An interesting side note on “rights.” In the context of gender identity, Friberg warns against adopting the language of “men’s rights.” He writes: “do not, under any circumstances, refer to yourself as a ‘men’s rights activist.’ Doing so signals weakness, and also lacks any logical basis. Any such ‘rights’ are myths, and rank alongside the rest of the Leftists ideological debris.” (55) What does he mean by that idea of “myths”? I think he is referring to the model of legal liberalism and the idea of civil rights. He does not believe that men have rights, he believes in the naturalness of male identity. In other words, masculinity is not something that needs to be protected with rights, it needs to be reasserted in all its naturalness—which involves physical strength, fighting power, and what he calls “gentlemanly virtues” (55).

Gender is not about rights, which are constructed. It is about nature. We each have a “naturally given gender role,” Friberg writes, and a “natural role in society and the community” (61). This is about nature, not about positive, human-made, legal rights.

Note also that Friberg defines “biopolitics” in his glossary as “a term coined by Foucault” and seems to indicate both an understanding of the term and a distaste for biolpolitics at least in the context of state public health projects (69).

  1. Guillaume Faye, Why We Fight: Manifesto of the European Resistance (2001)

“And now: what is to be done? […] We have to prepare ourselves for the coming tempest, to harden ourselves—for the sake of attacking, like a cobra, quickly and decisively, once the moment of opportunity strikes. In anticipating this moment, we need now to start arming ourselves—mentally and physically—we need to recruit, to proselytise, to educate, to organise in networks of solidarity and action. It’s simple: let’s model ourselves on our enemy.”

– Guillaume Faye, Why We Fight: Manifesto of the European Resistance (2001), pp. 268 and 270

Guillaume Faye was an important figure in the “New Right” in France in the late 1960s and 1970s. The New Right started with the founding of the Groupement de recherche et d’études pour la civilisation européenne (GRECE) under the leadership of the conservative thinker Alain de Benoist in 1968 in France. The New Right embraced the idea of metapolitics, discussed earlier, and presented themselves often as the Gramscians of the Right. Faye was one of the leading thinkers and theorizers of the French New Right. He had a PhD from Sciences Po and worked mostly as a journalist, for the leading conservative French daily Le Figaro.

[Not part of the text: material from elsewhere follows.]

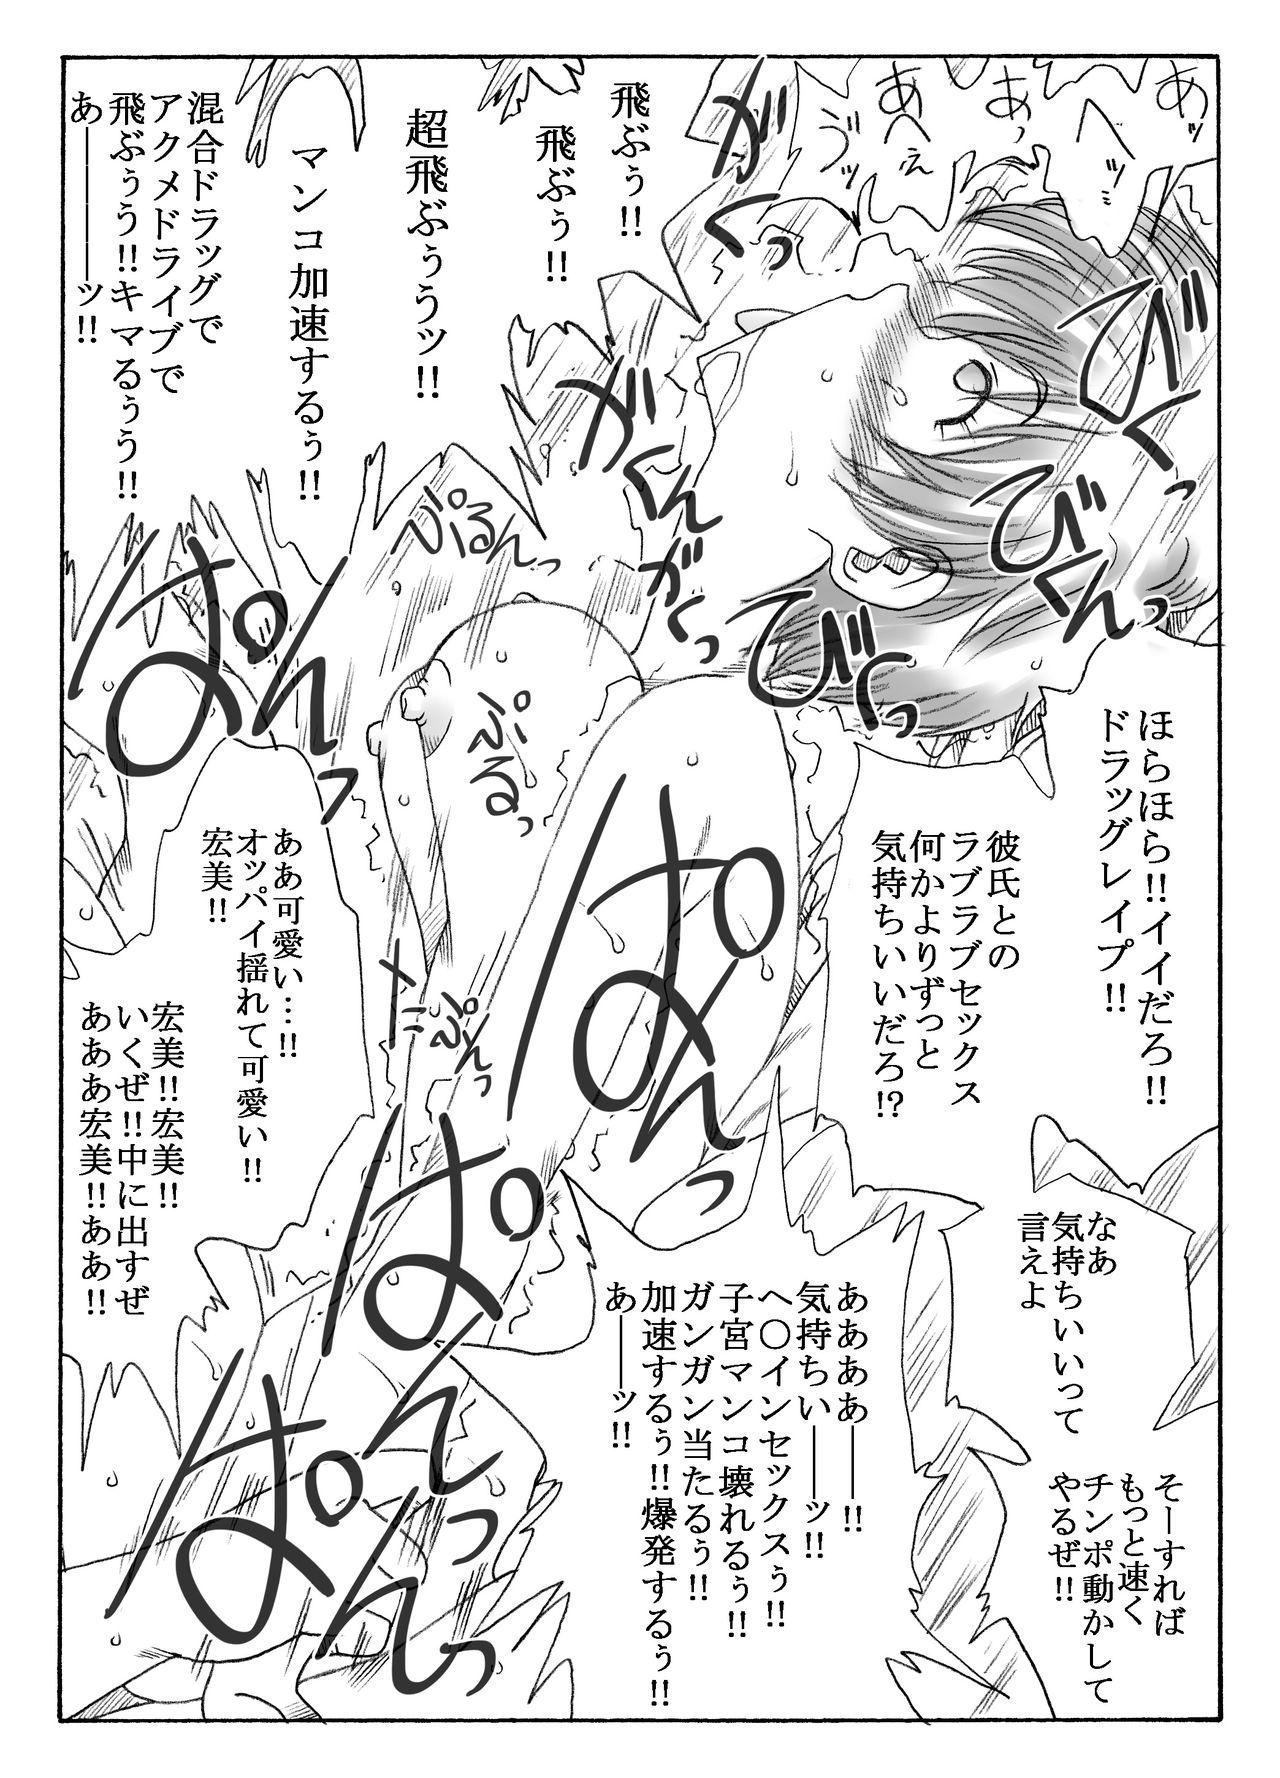 Pegging kusuridukinisare ryoujyokusareru senseito seitotachi - Original Family Roleplay - Page 5
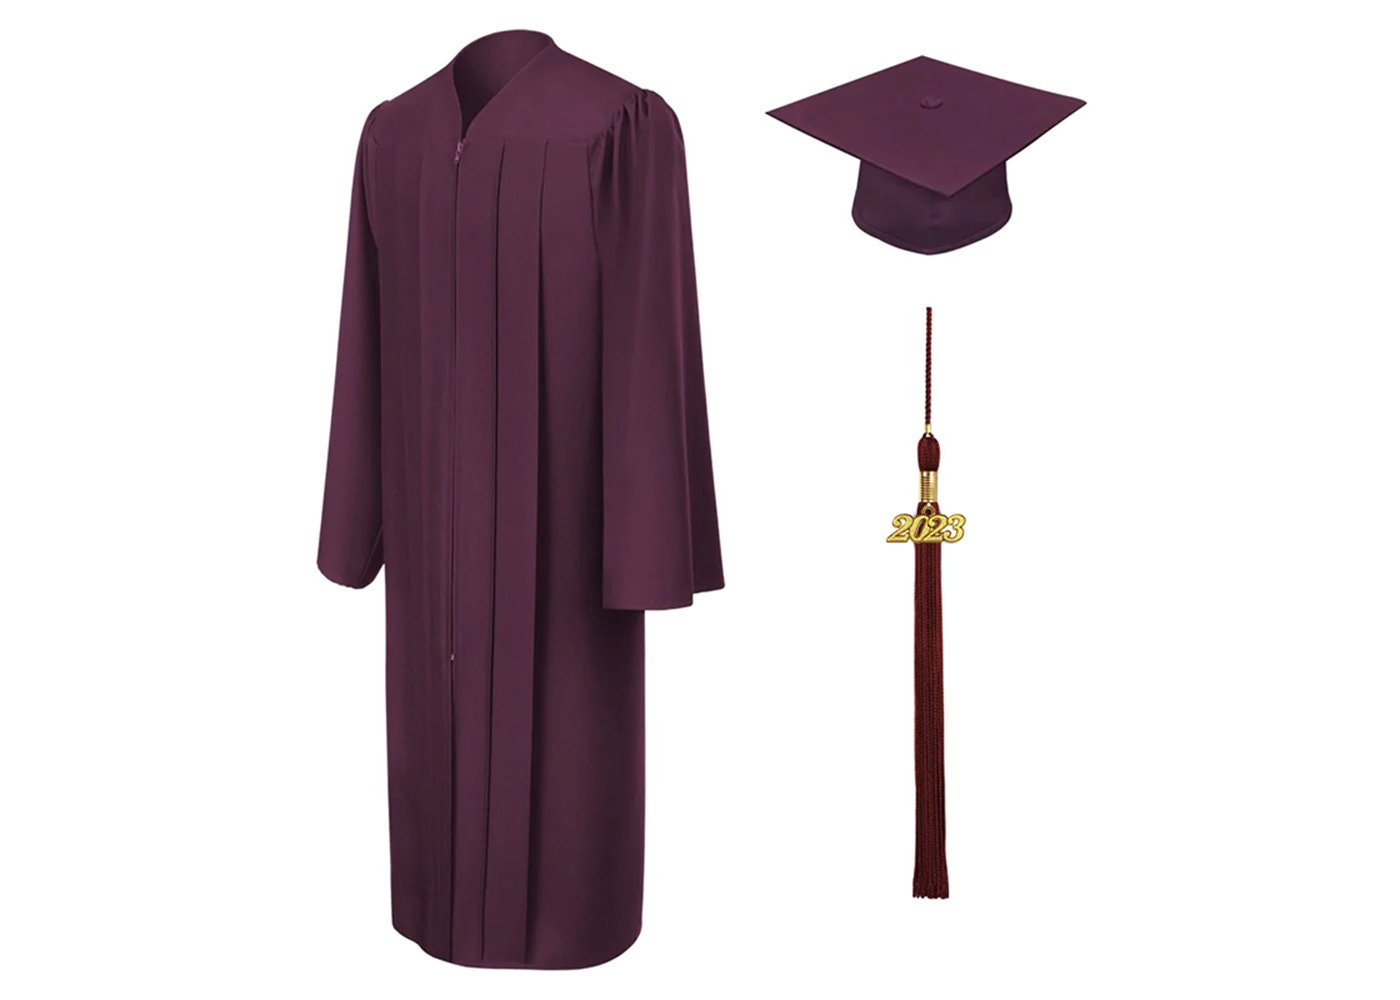 Graduation / Cap & Gown Information

He published the book we are reading, Why We Fight, in French in 2001.

The greatest threats to European civilization, Faye writes, are “Narcissism, consumerism, devirilisation, homophilia, social egoism, xenophilia (improperly called ‘anti-racism’), demographic decline, cultural neo-primitivism, a rejection of aesthetics and the will to live, hatred of aristocratic and warrior values, the cult of the economy (secular monotheism), the disfiguration of classical humanism and true spirituality, [and] the triumph of a vulgar, hypocritical humanism” (39-40).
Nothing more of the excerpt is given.